DATA EXTRACTS >>
===============

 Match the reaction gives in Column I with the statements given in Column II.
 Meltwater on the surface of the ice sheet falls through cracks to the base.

===============

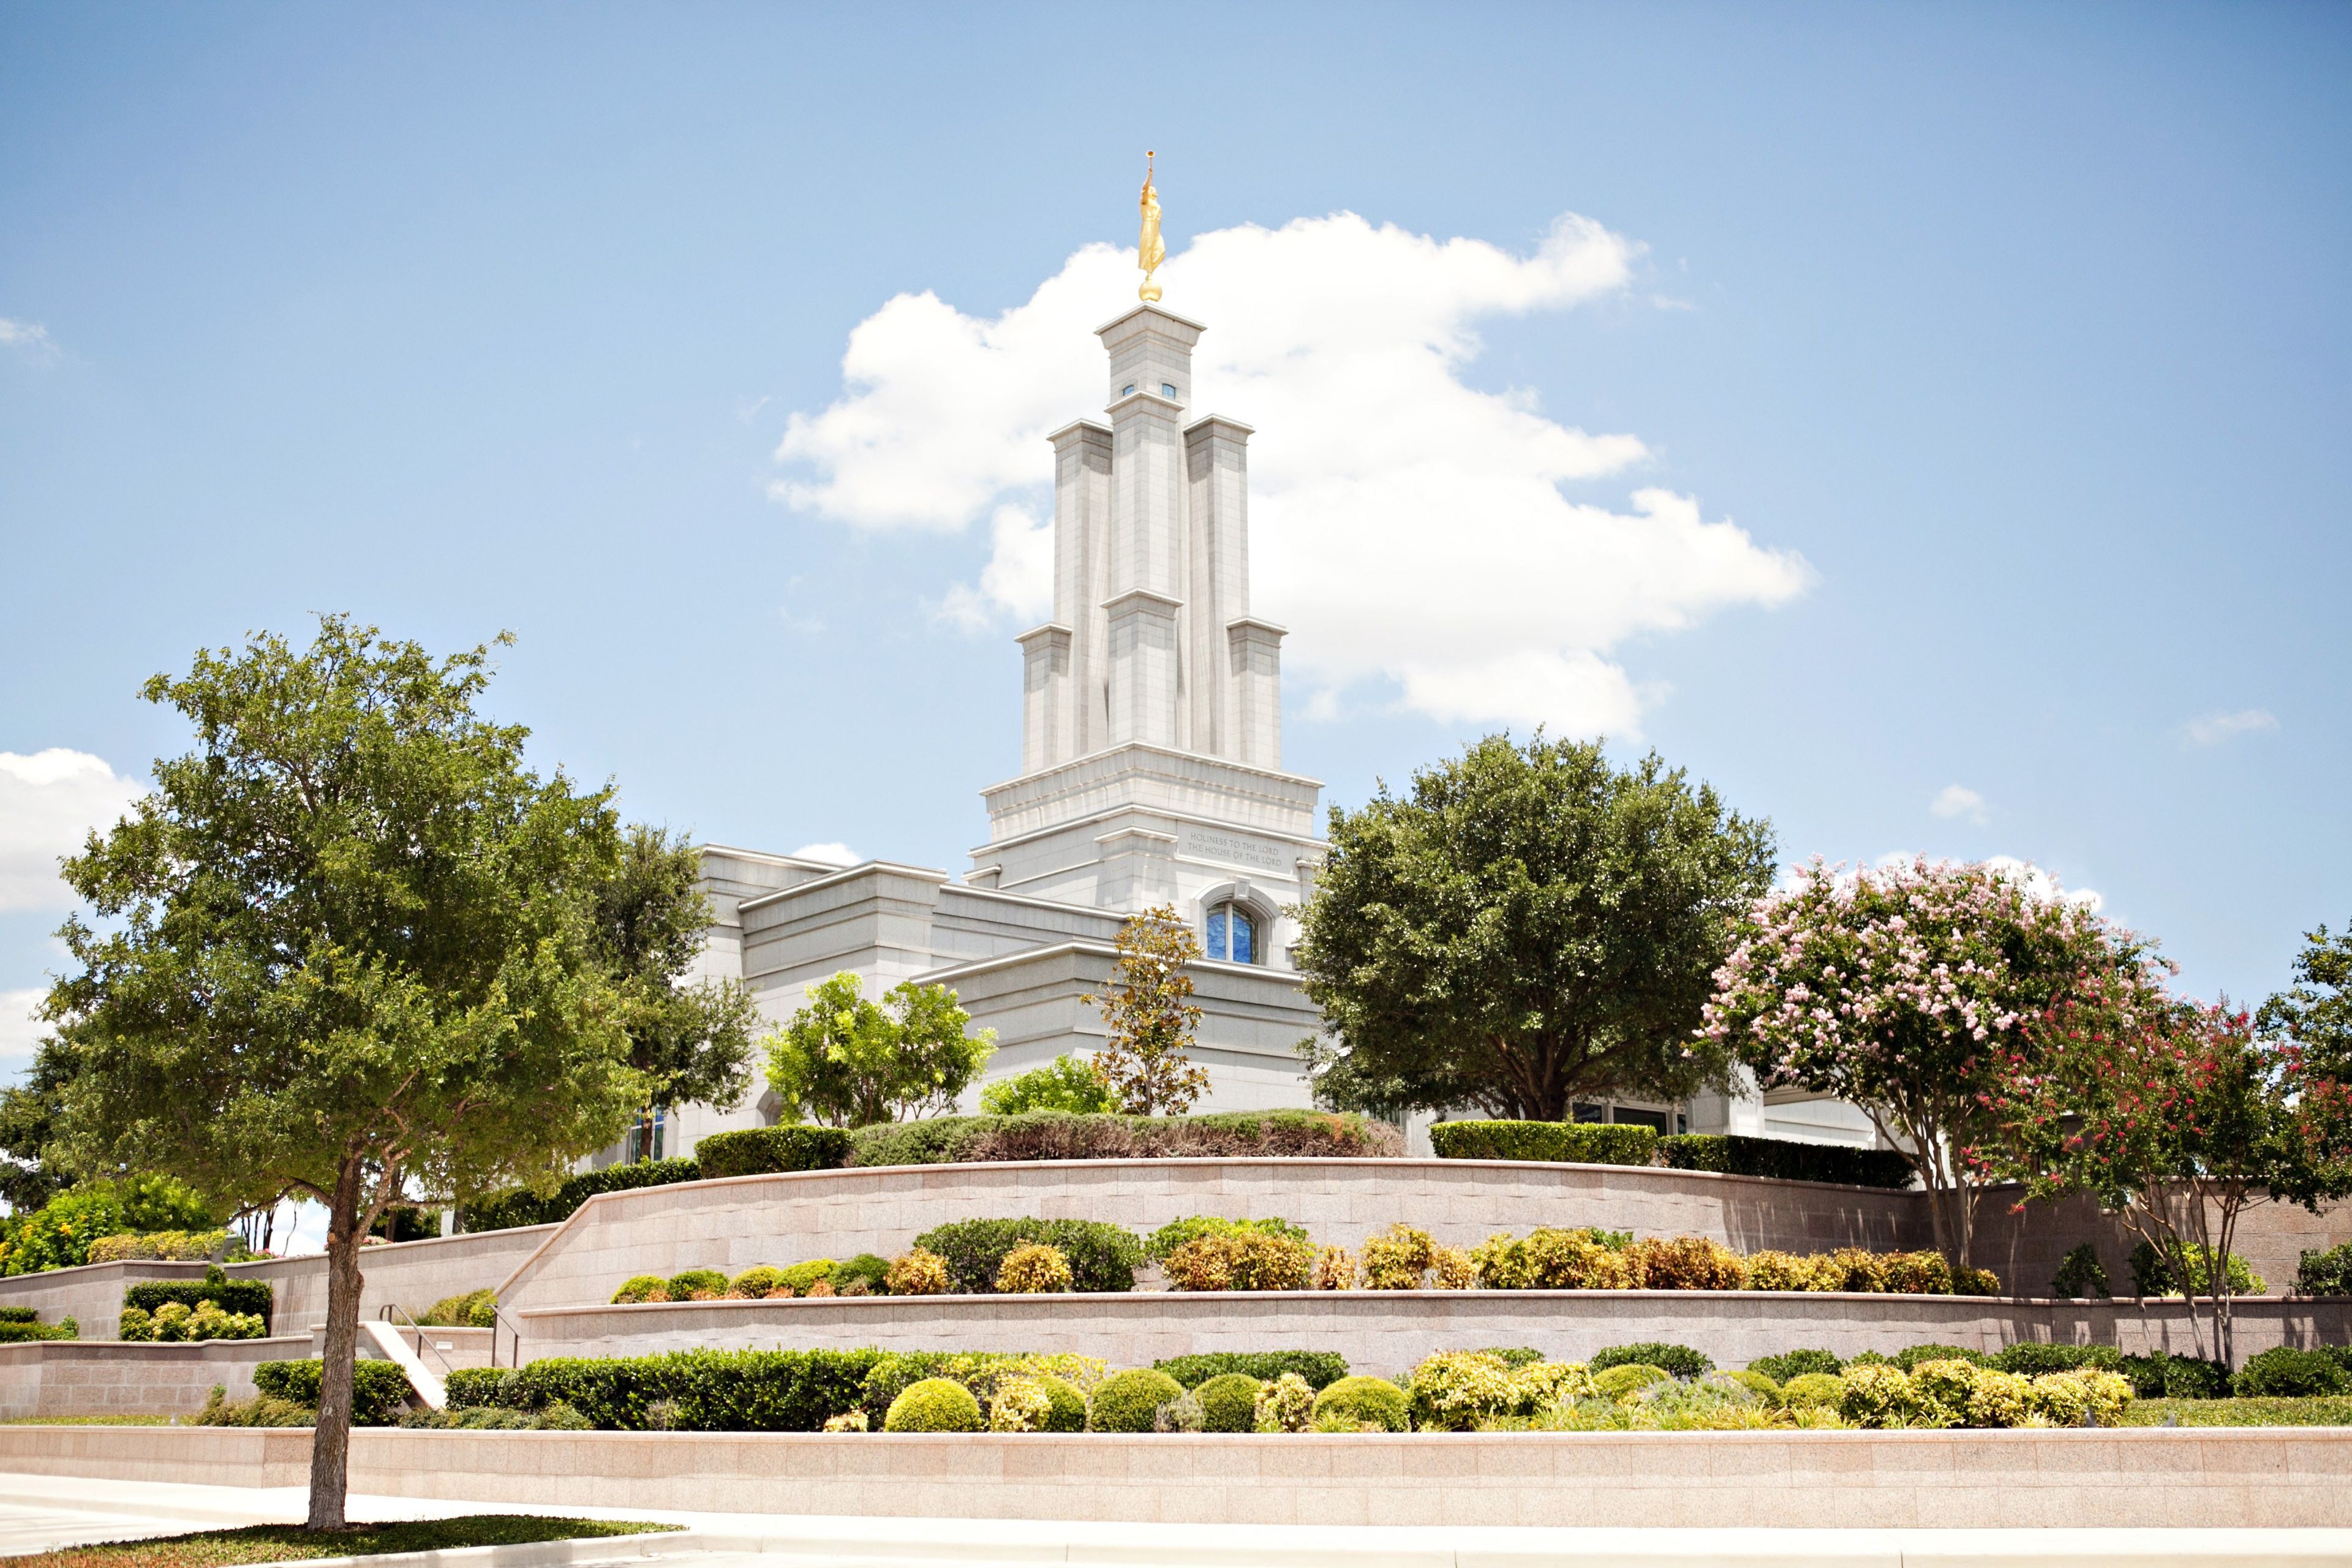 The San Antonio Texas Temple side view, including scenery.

===============

Within the listing above, locate the line containing "Match the reaction" and the line containing "Meltwater on the". Reproduce those two lines and all lines between them exactly, with nothing added.

 Match the reaction gives in Column I with the statements given in Column II.
 Meltwater on the surface of the ice sheet falls through cracks to the base.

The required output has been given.